Remix clone Hacker News

new | show | ask | jobs Github

	▲	Kayou 3 hours ago
		Wait, the Q4 quantization which is more than 20GB fits in your 16GB GPU ? I didn't know that was possible, I was always restricting myself to smaller model than the VRAM I had
	▲	segmondy 3 hours ago \| parent \| next [-]
		llama.cpp is designed for partial offloading, the most important part of the model will be loaded into the GPU and the rest on system ram. I run 500B+ models such as DeepSeek/KimiK2.5/GLM-5 without having that much GPU vram.
	▲	Koffiepoeder an hour ago \| parent \| prev \| next [-]

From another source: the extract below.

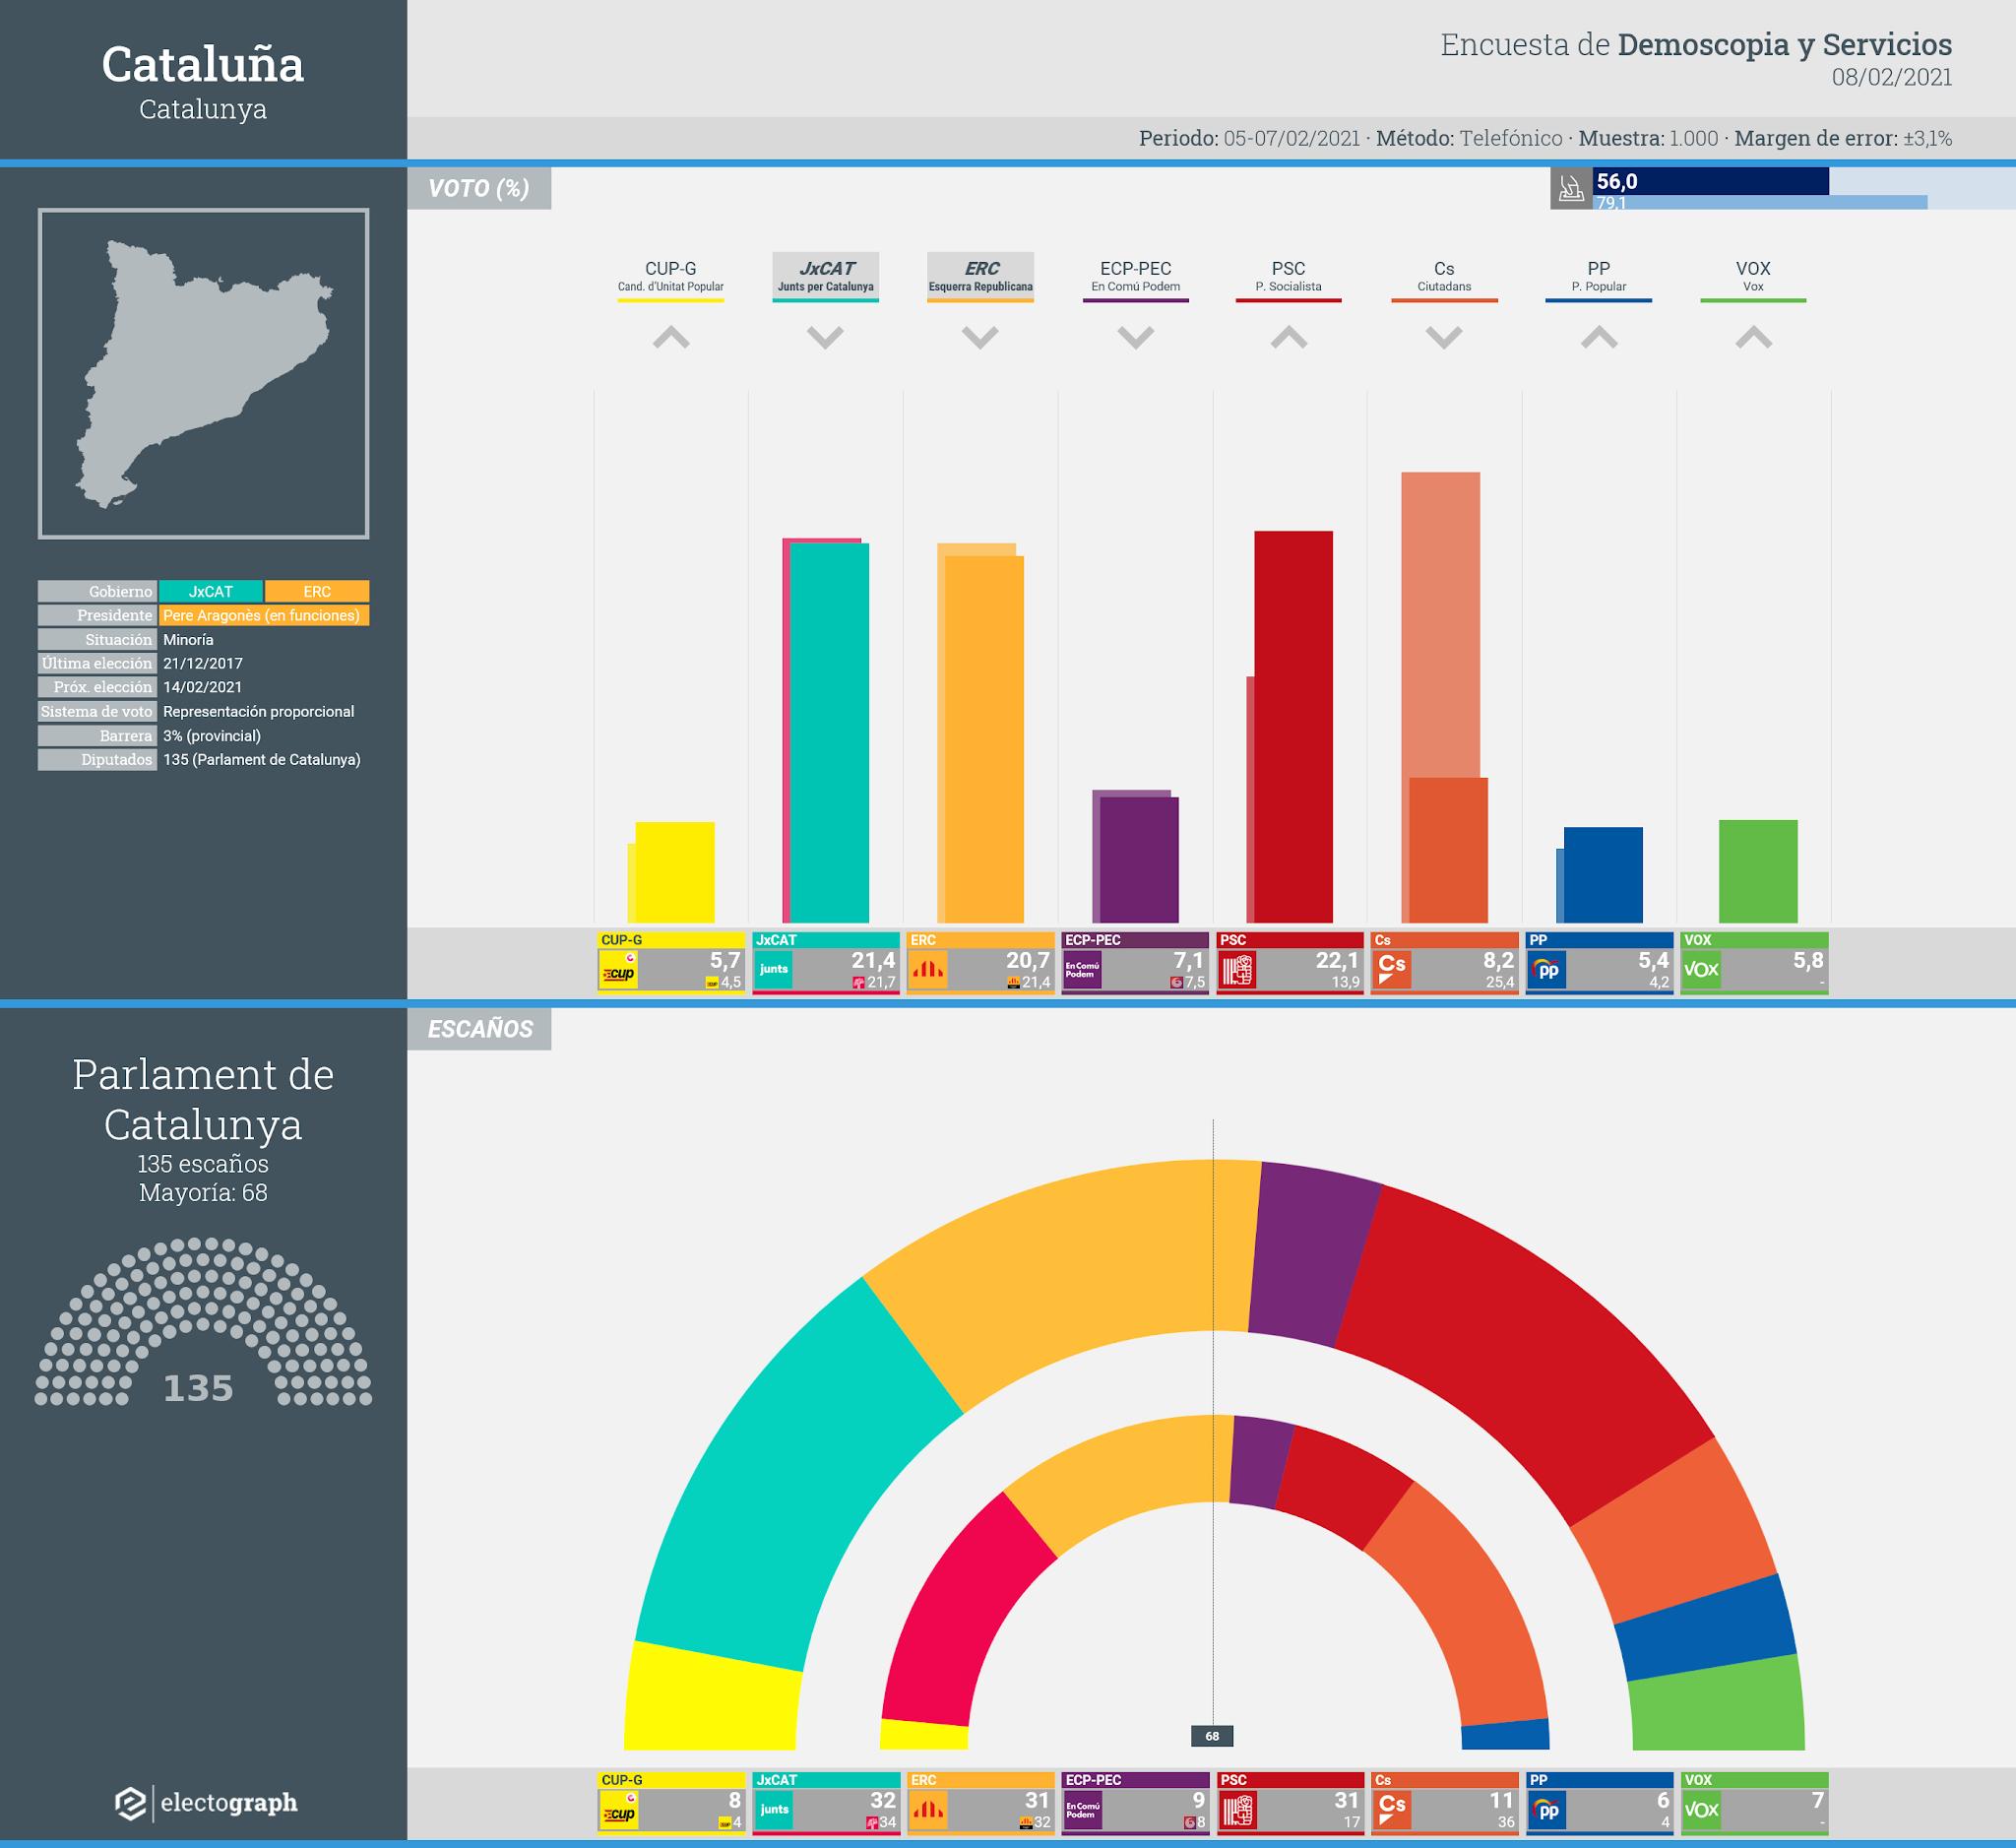 Gráfico de la encuesta para elecciones generales en Cataluña realizada por Demoscopia y Servicios, 8 de febrero de 2021

		The A3B part in the name stands for `Active 3B`, so for the inference jobs a core 3B is used in conjunction with another subpart of the model, based on the task (MoE, mixture of experts). If you use these models mostly for related/similar tasks, that means you can make do with a lot less than the 35B params in active RAM. These models are therefore also sometimes called sparse models.
	▲	Maxious 3 hours ago \| parent \| prev \| next [-]
		Yep. These Mixture of Experts models are well suited for paging in only the relevant data for a certain task https://huggingface.co/blog/moe There's some experiments of just removing or merging experts post training to shrink models even more https://bknyaz.github.io/blog/2026/moe/
	▲	nurettin an hour ago \| parent \| prev [-]
		This is why they say "A3B" meaning only 3B is active at a time, limiting VRAM usage.